Риторика и истоки европейской литературной традиции - Сергей Аверинцев
Шрифт:
Интервал:
Закладка:
Но обличаемая Лактанцием позиция Цицерона есть не продукт недомыслия, а именно позиция, продуманная и последовательная; сама его непоследовательность (inconstantia, как выражается Лактанций) по-своему последовательна. Его философия есть философия под знаком риторики, как он сам достаточно выразительно говорит об этом устами Красса в III книге своего диалога «Об ораторе»:
«Философия ведь не похожа на другие науки. В геометрии, например, или в музыке, что может сделать человек, не изучавший этих наук? Только молчать, чтобы его не сочли за сумасшедшего. А философские вопросы открыты для всякого проницательного и острого ума, умеющего на все находить правдоподобные ответы и излагать их в искусной и гладкой речи. И тут самый заурядный оратор, даже и не очень образованный, но обладающий опытом в речах, побьет философов этим своим нехитрым опытом и не даст себя обижать и презирать. Ну, а если когда-нибудь явится кто-нибудь такой, который сможет или по образцу Аристотеля говорить за и против любых предметов и составлять по его предписаниям для всякого дела по две противоположных речи, или по образцу Аркесилая и Карнеада спорить против всякой предложенной темы, и если с этой научной подготовкой он соединит ораторскую опытность и выучку, то этот муж и будет оратором истинным, оратором совершенным, единственным оратором, достойным этого имени»[23].
Цицерон решительно аннексирует философию для риторики, подчиняет ее не столько профессиональным нуждам риторики, сколько коренной риторической установке ума.
Поэтому так важно, что Петрарка, а за ним гуманисты избрали Цицерона своим «вождем», патроном и кумиром; что вопрос Лактанция к Цицерону для них, в общем, снят[24]. Они внутри позиции Цицерона.
Как выглядит эта позиция в широкой исторической перспективе, с оглядкой на ту самую античность, о которой гуманисты так много думали?
Греки создали не только свою собственную культуру — конкретную, исторически неповторимую, со своими специфическими характеристиками и локальными ограничениями; одновременно в двуедином творческом процессе они создали парадигму культуры вообще. Парадигма эта, отрешась от греческой «почвы» еще в эпоху эллинизма, а от обязательной связи с греческим языком — в Риме, оставалась значимой и для средневековья, и для Ренессанса, и далее, вплоть до эпохи индустриальной революции[25].

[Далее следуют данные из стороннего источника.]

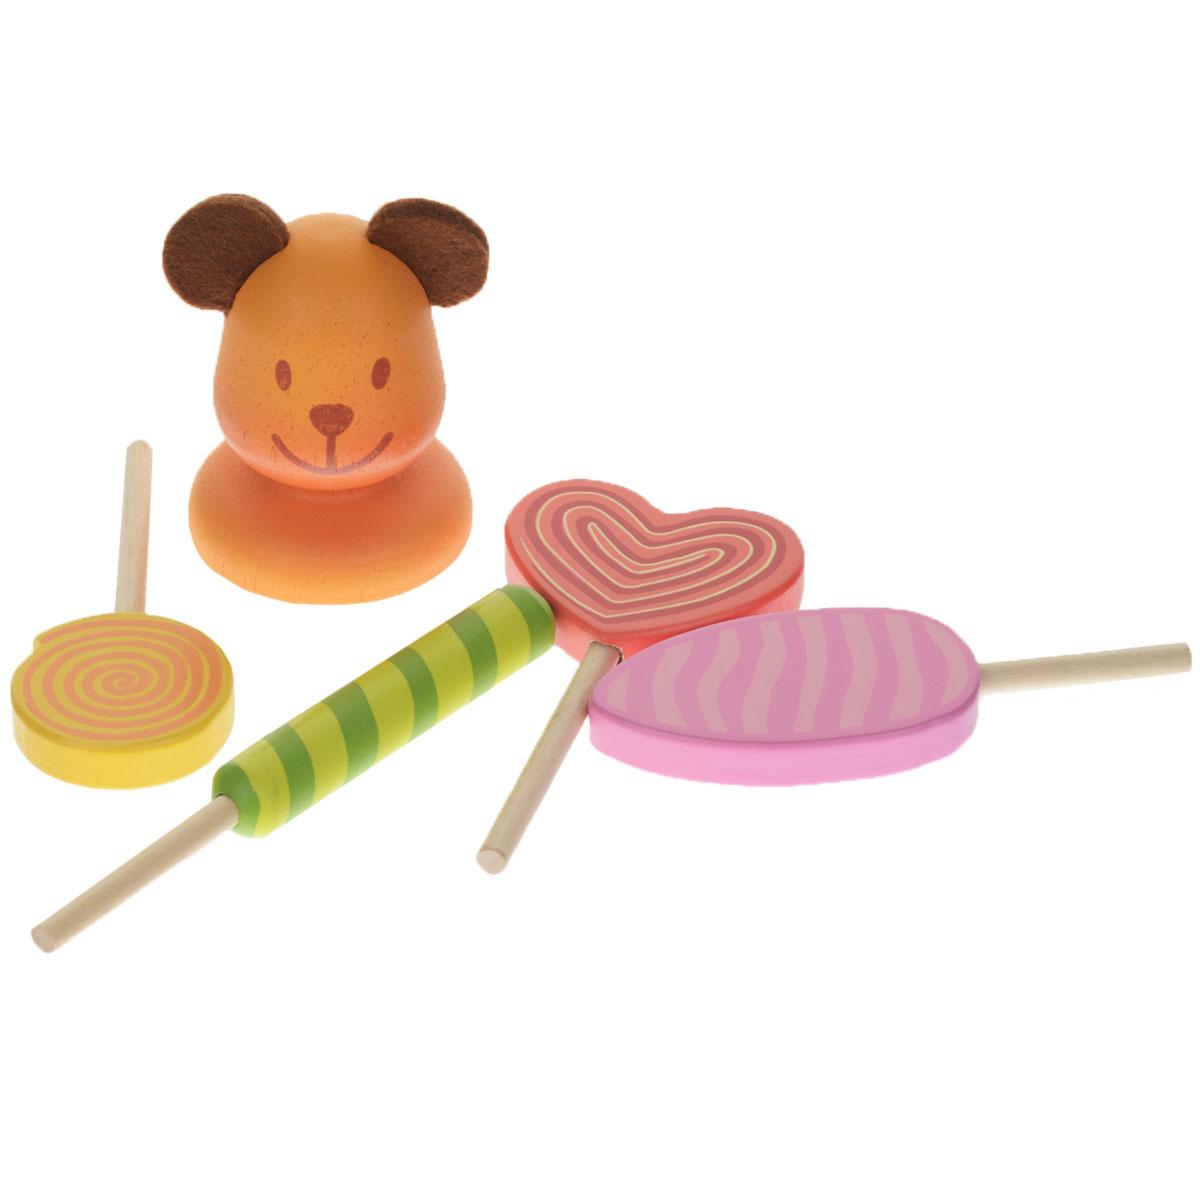 Djeco Игровой набор Леденцы06622Игровой набор Djeco Леденцы станет отличной альтернативой для сладкоежек. Набор включает подставку в виде мишки и четыре леденца различных форм и цветов на палочке. Ребенок сможет поместить леденцы в специальные отверстия в подставке. Все элементы выполнены из дерева, выкрашенного нетоксичными красками. Ушки мишки - из текстильного материала. Набор упакован в подарочную коробку. Ребенок будет в восторге от такого подарка!

Значимой — не то же, что неизменной. Однако, пока парадигма не была отменена как принцип, все изменения исходили из нее, соотносились, соразмерялись с ней. Мы должны отчетливо видеть константу именно для того, чтобы увидеть новизну Ренессанса.
Греческая парадигма имеет очень определенный строй, и строй этот не похож на образ, встающий за привычной рубрикацией наших изложений общей истории культуры, в том числе и греческой, где безразлично следуют друг за другом «литература», «искусство», «философия» и «наука», как пункты единой анкеты, предложенной различным эпохам для заполнения.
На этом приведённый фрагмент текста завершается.